Some members have been having great difficulty trying to figure out various methods of trigonometry and such to cut accurate rings with their Ringmaster so I made this video to show how I do it.
No trigonometry is required at all  and the the results are as close to perfect as anyone could hope for.

I will be adding this to the WWF Wood Turning Tutorials board soon   along with a few other Ringmaster videos I have made lately to hopefully help out the growing number of woodworkers that have recently purchased either new or used Ringmasters. 

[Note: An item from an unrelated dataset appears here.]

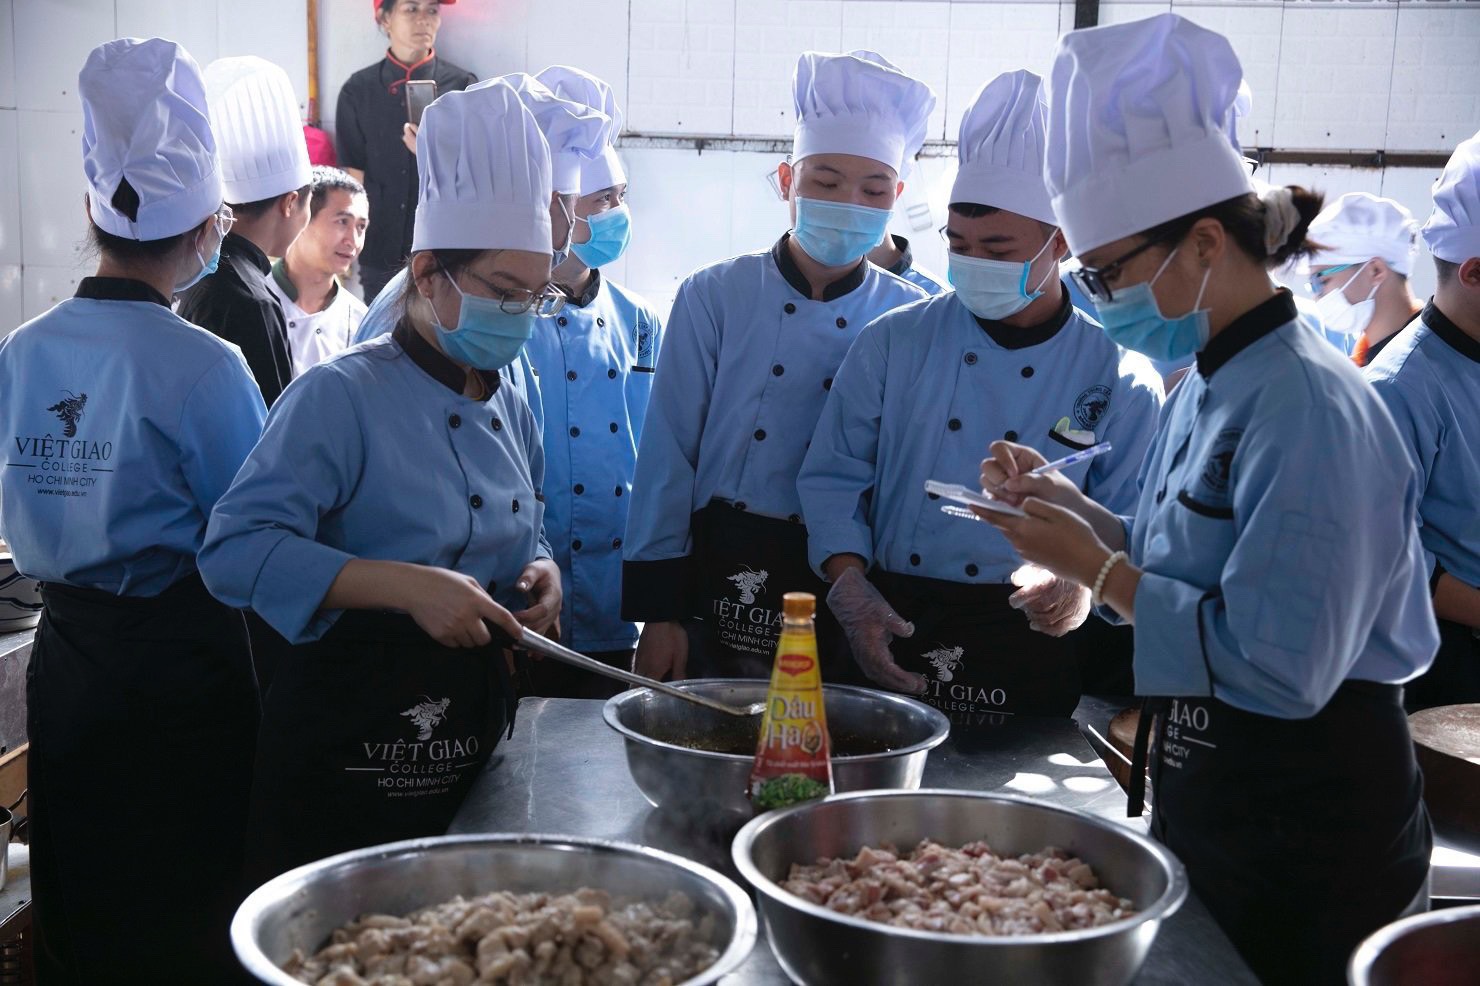 Tuyển sinh lớp 10: Trung cấp Việt Giao đã có chương trình đào tạo bếp trưởng- Ảnh 1.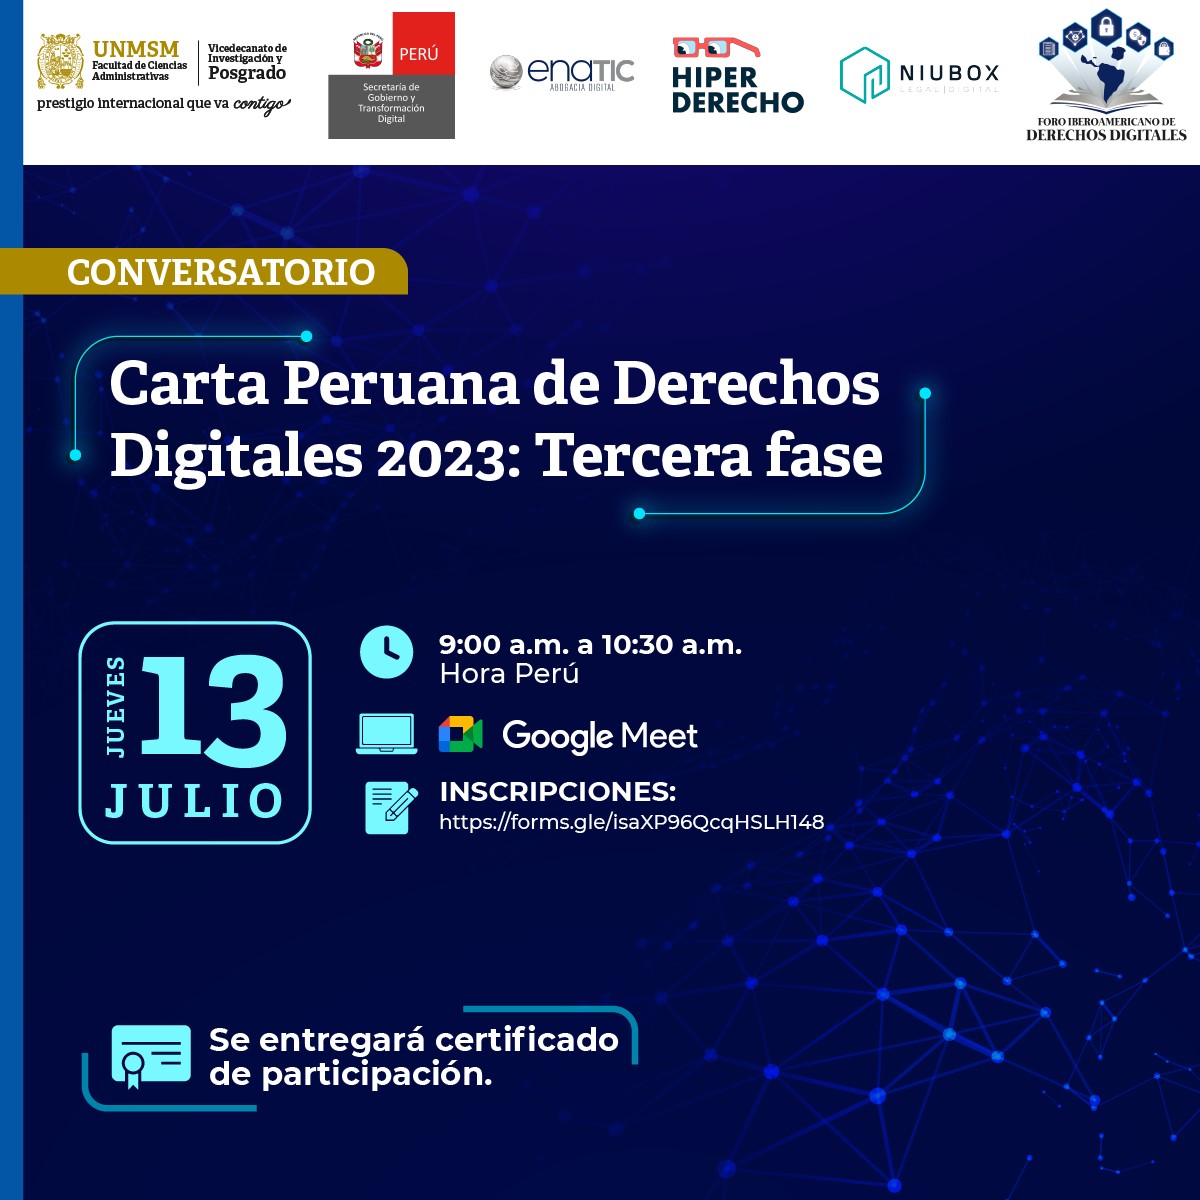 Conversatorio sobre la Carta Peruana de Derechos Digitales 2023

Here is the link to the you tube video

Using a PAG (Precision Angle Guide) with Ringmaster Lathe - YouTube


----------



## W.Y. (Jan 1, 2013)

The edit button disappears quickly on this site  :wink:

Oh well . the edit I was going to put in was that I also posted this video on my Facebook Home Page


----------



## skiprat (Jan 1, 2013)

Thanks for the videos William. I'm not a bowl turner at all but I think the gadget is pretty ingenious. From what I can see, I guess it has two parting blades attached to  a leadscrew and first one side is cut half way through, then some tape to stop it flying off, then the other side finishes it?
Very simple, but very clever.


----------



## W.Y. (Jan 1, 2013)

You have it all figured out good.

I have made separate videos showing it with using the masking tape and without. That masking tape I used in that video was real thin and not very strong and hard to work with . Getting  hard to get good quality masking tape anymore. They make it thinner and charge more  . .. lol .  .
The ring just pops off  without the tape but I still prefer the few seconds per ring to tape it in case there is a weak spot in the grain of the wood and could waste a real nice piece of wood. 
I had it happened once and was lucky enough to glue the ring back together and carry on.


----------